The portrait, created in her Brooklyn based home-studio, took Sprung nine months to complete. During those months she meticulously studied Obama, surrounding herself with images from her early childhood up until her time at the White House.

“I really think that I gained a good sense of who she was,” Sprung said. “Even if I couldn’t describe it in words.”

Michael Hall, executive and artistic director of the Art Students League of New York, where Sprung teaches, said she has a forensic approach when selecting color pallets, expression and body language in her works. Hall emphasized that Sprung went so far as to keep the first lady’s dress in her studio. The light-blue chiffon dress designed by Jason Wu and donned by the former first lady was the most difficult section of the portrait, given the vibrant color.

“She humanizes Michelle really well,” Hall said. “But also shows a level of seriousness while showing warmth.”

The result of Sprung’s labor encompasses a soft but bright depiction of the former first lady in her blue dress, while sitting on an embroidered red couch in front of a muted pink wall.
Since the Kennedy Administration, the White House Historical Association has commissioned portraits.

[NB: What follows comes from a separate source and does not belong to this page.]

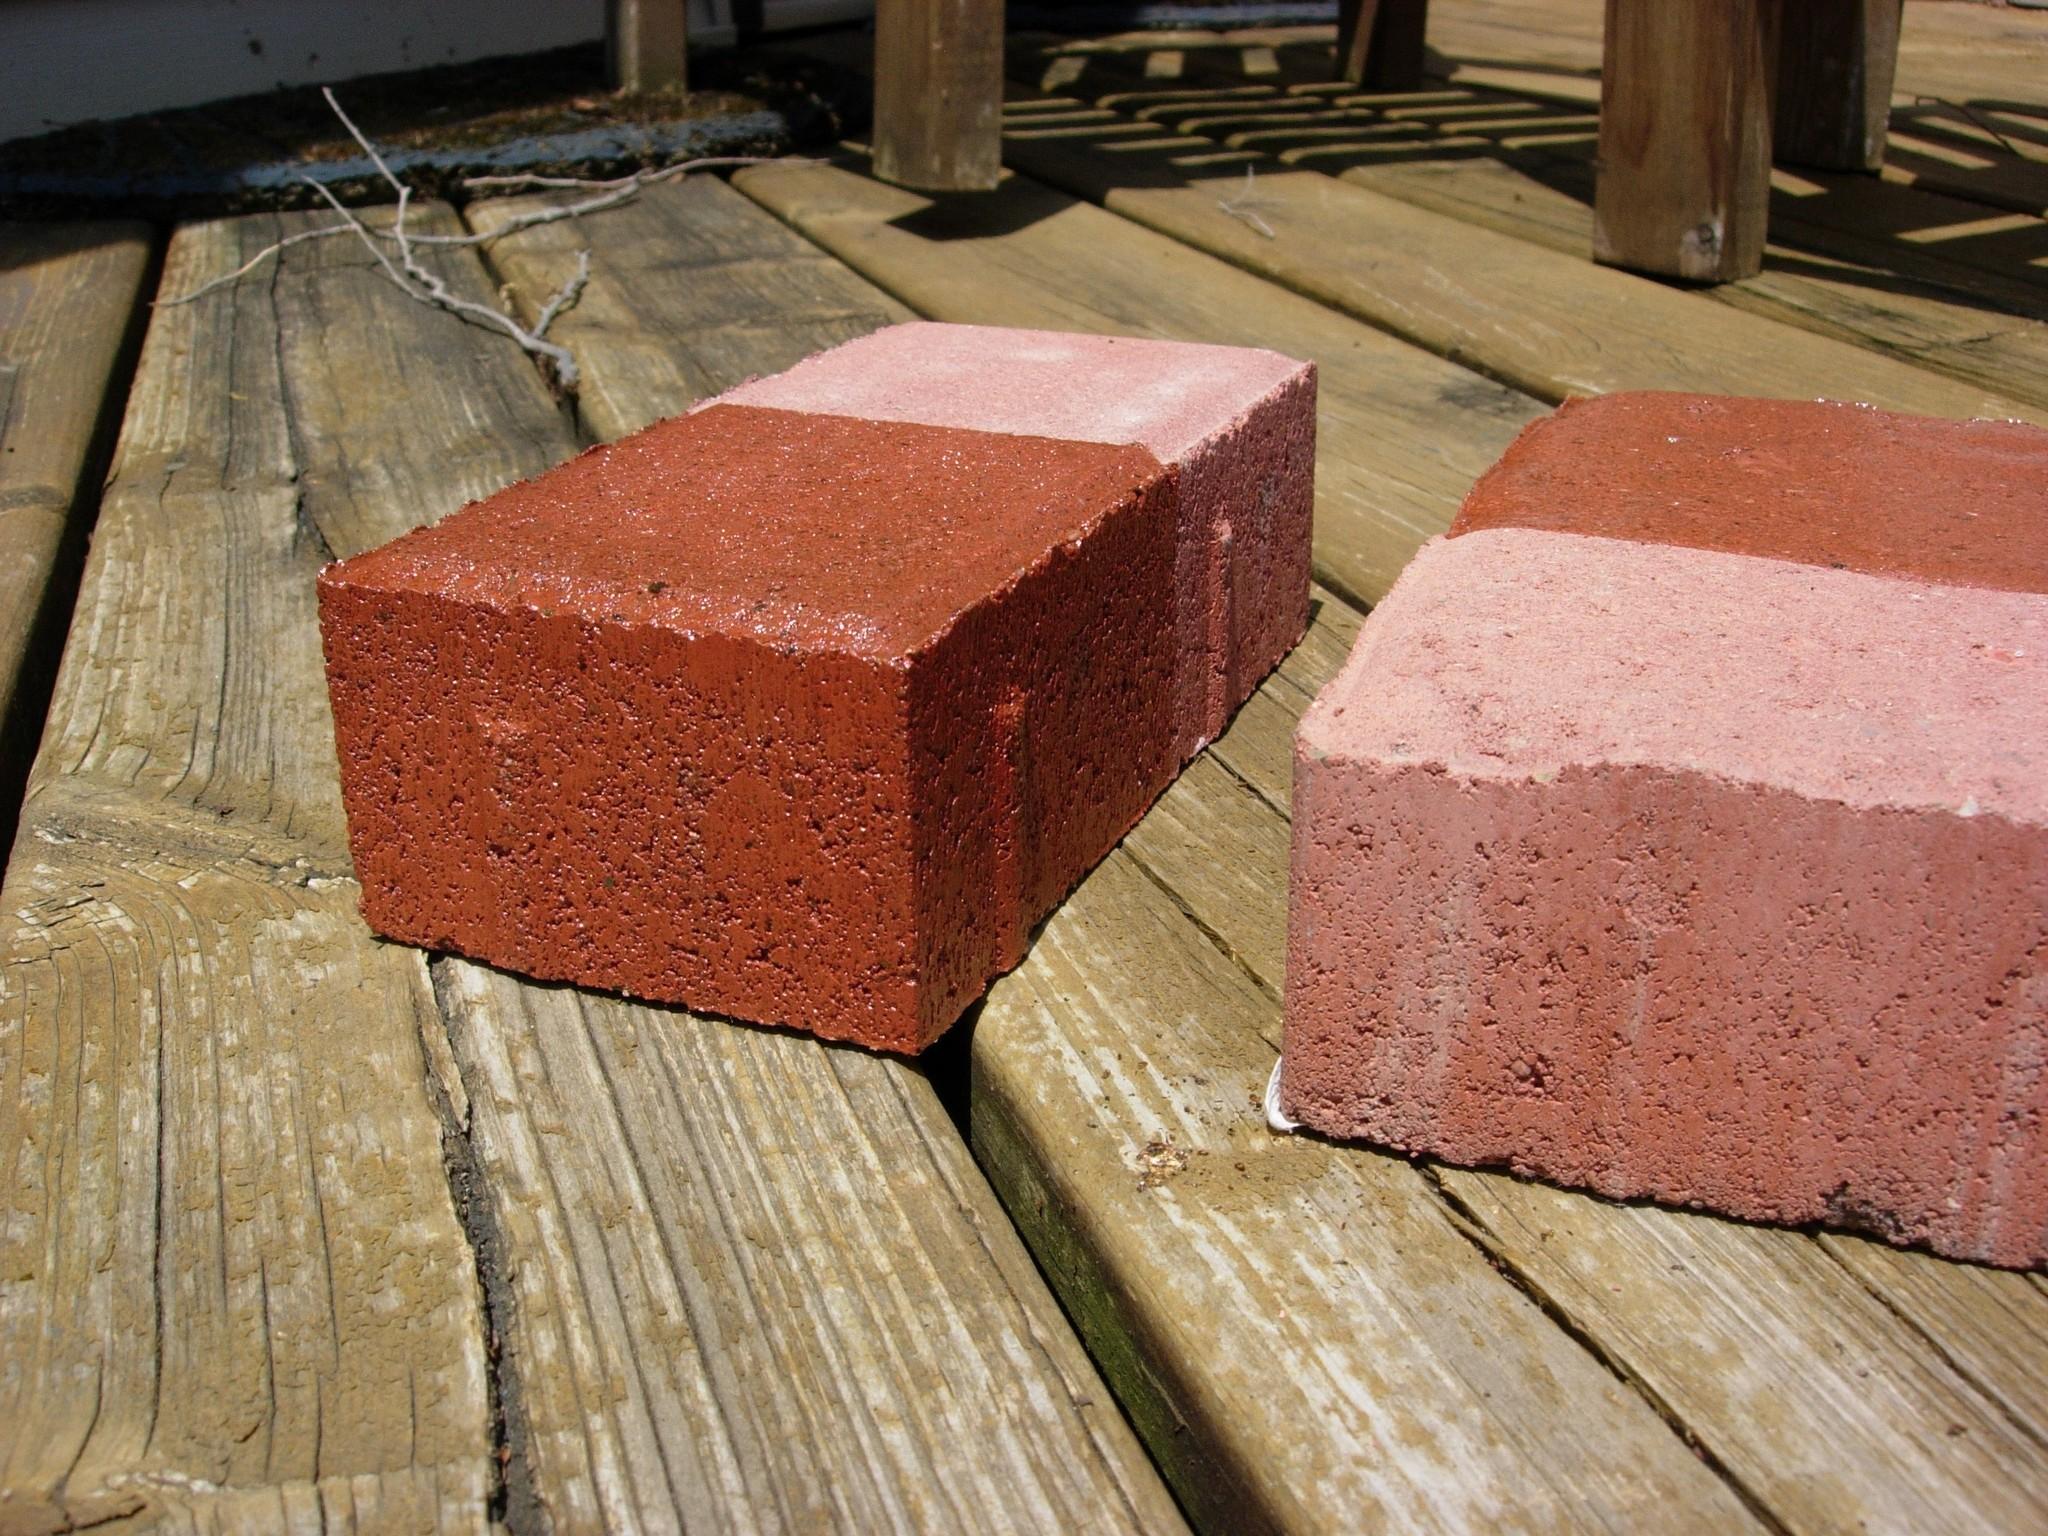 https://www.vseal.com/media/catalog/product/cache/1/image/9df78eab33525d08d6e5fb8d27136e95/P/i/Pic_Concrete_Paver_Red_Brick_Half_Sealed_IG-SB_2_2baa57d7-56de-4c23-af85-0053da917f3b.jpg

Traditionally, they’re unveiled in a public East Room ceremony within a few years of the president leaving office, though the Trump administration skipped that formality, leading to both Obama’s portraits unveiled on Sept. 7, six years after the Obama’s left the White House.
Sprung said she enjoys the challenges that come with being an artist, describing the process as a puzzle that she has become addicted to.

“My place in the world is to paint,” Sprung said. “However I have to do it, I’m going to do it.”